• **Dataset section**
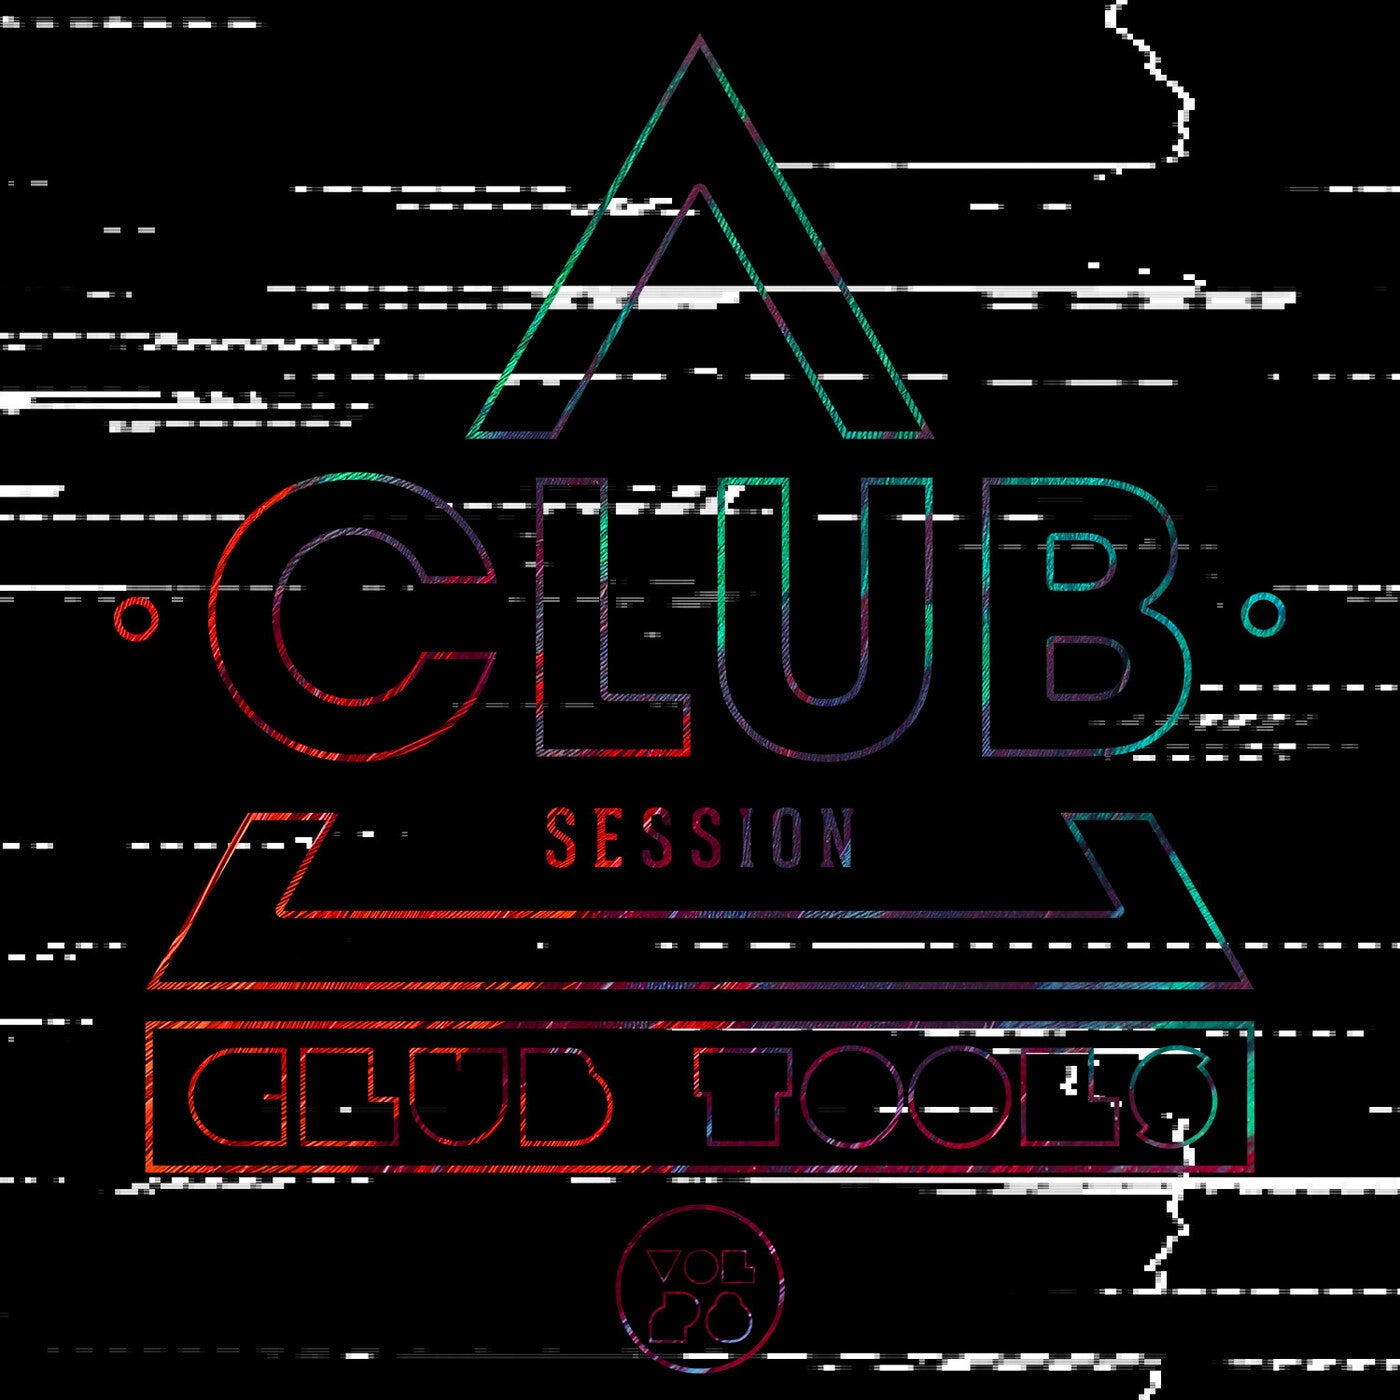 Club Session pres. Club Tools Vol. 28
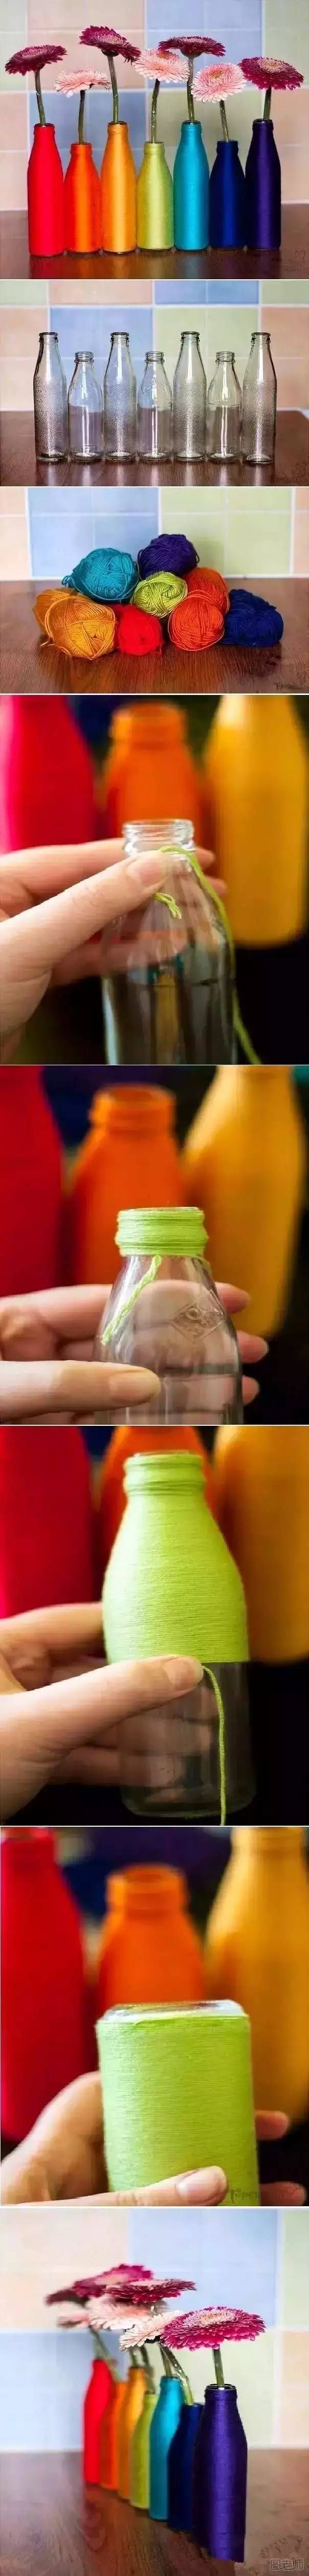 废弃的玻璃瓶旧物改造 废弃的玻璃瓶还能做什么
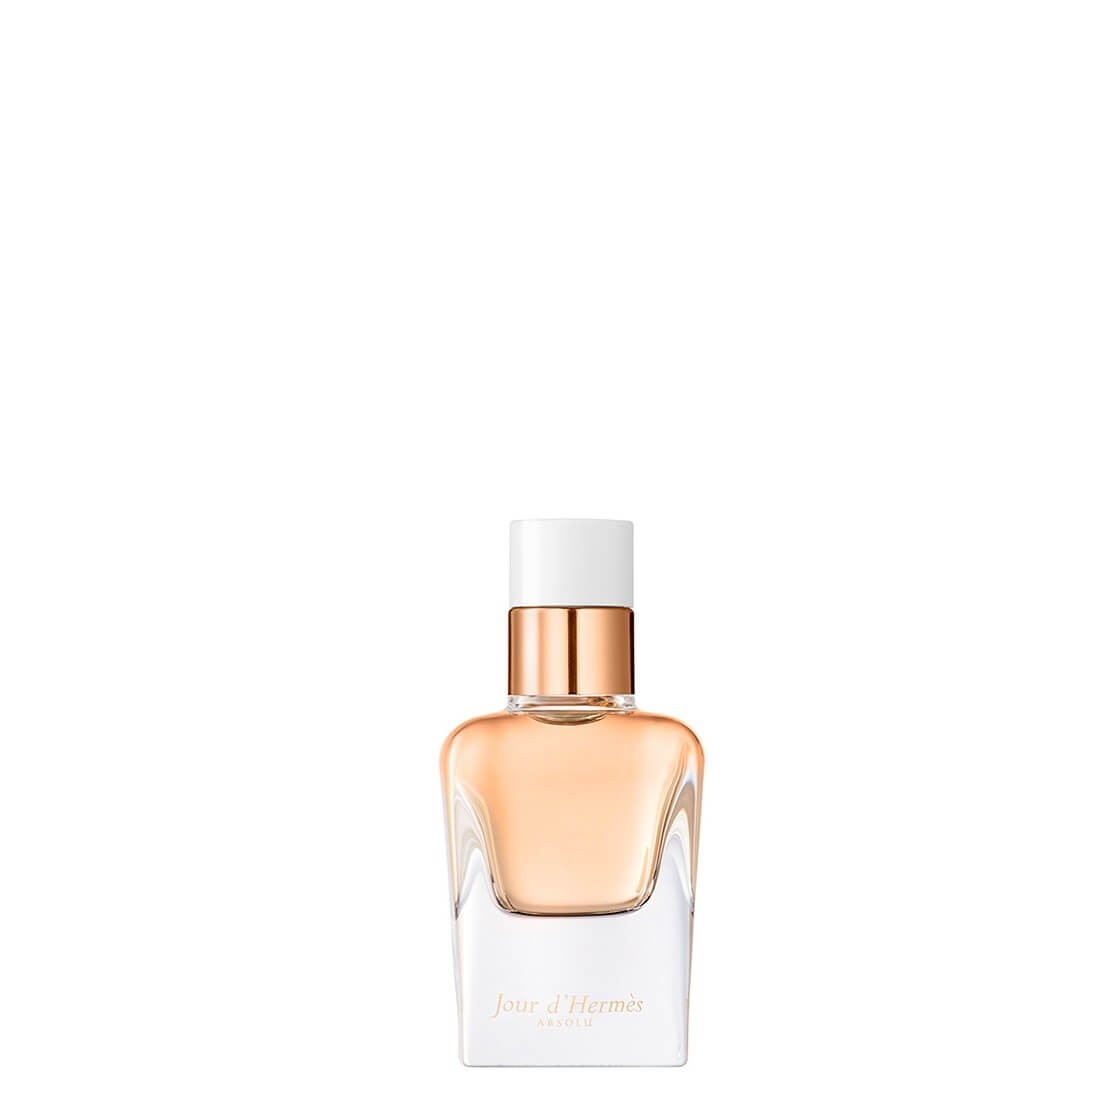 Hermès - Jour D'Hermès Absolu Eau de Parfum - 30 ml
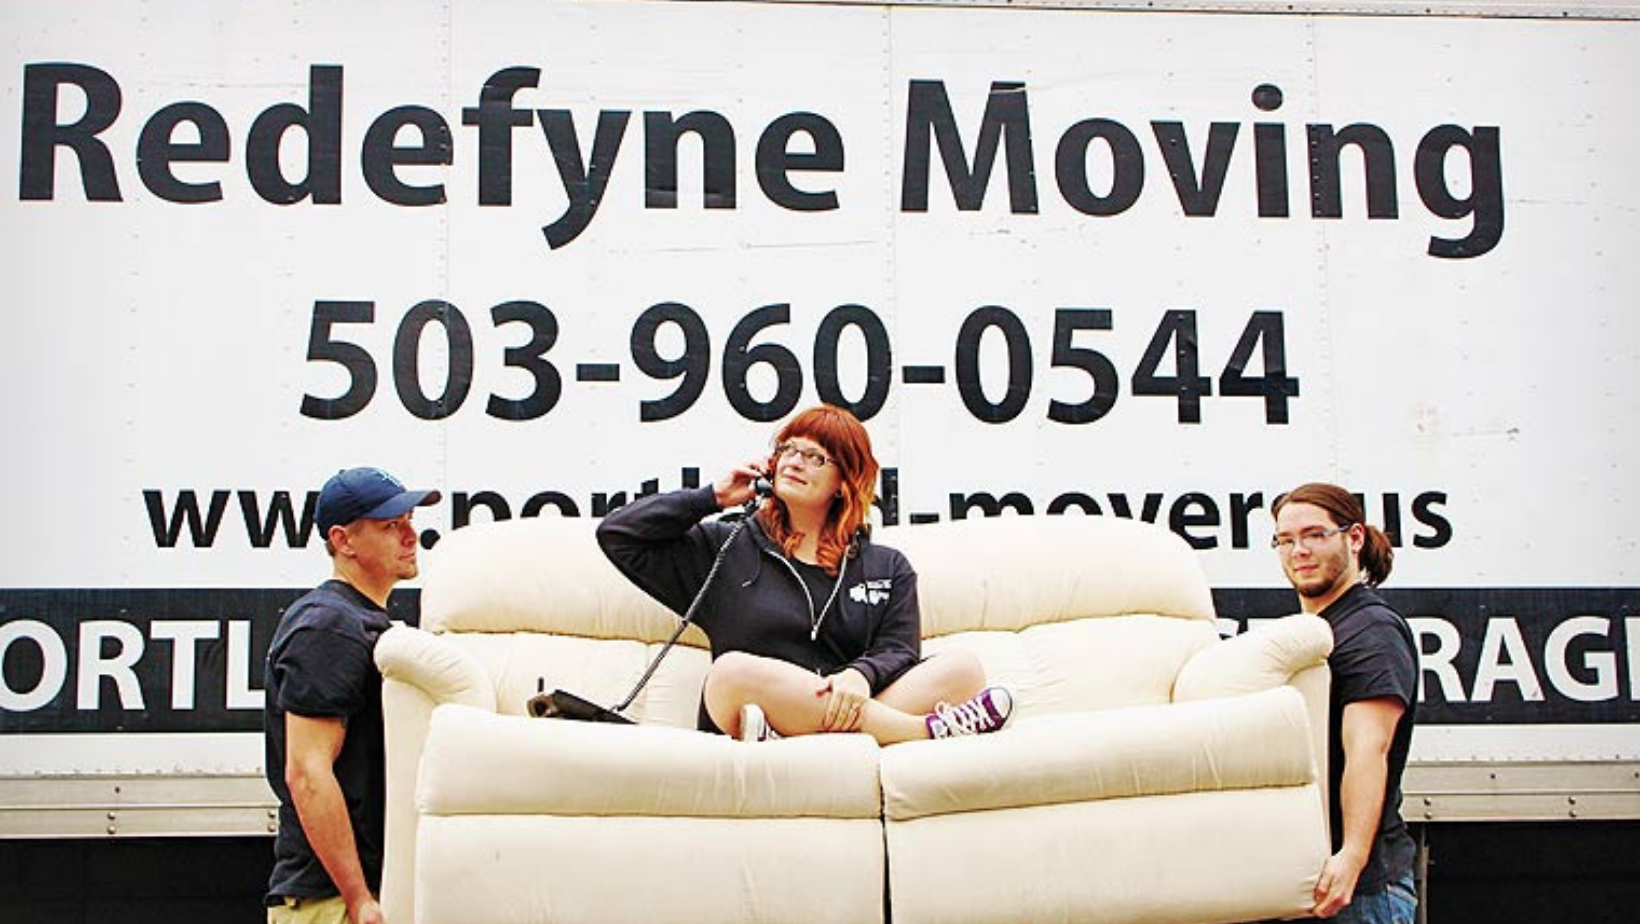 Lake Oswego Moving Company - Redefyne Moving & Storage

• **How to complete this task**
Pictures are to be left out; repeat all the remaining data exactly.

• **Written response**
 Club Session pres. Club Tools Vol. 28
 废弃的玻璃瓶旧物改造 废弃的玻璃瓶还能做什么
 Hermès - Jour D'Hermès Absolu Eau de Parfum - 30 ml
 Lake Oswego Moving Company - Redefyne Moving & Storage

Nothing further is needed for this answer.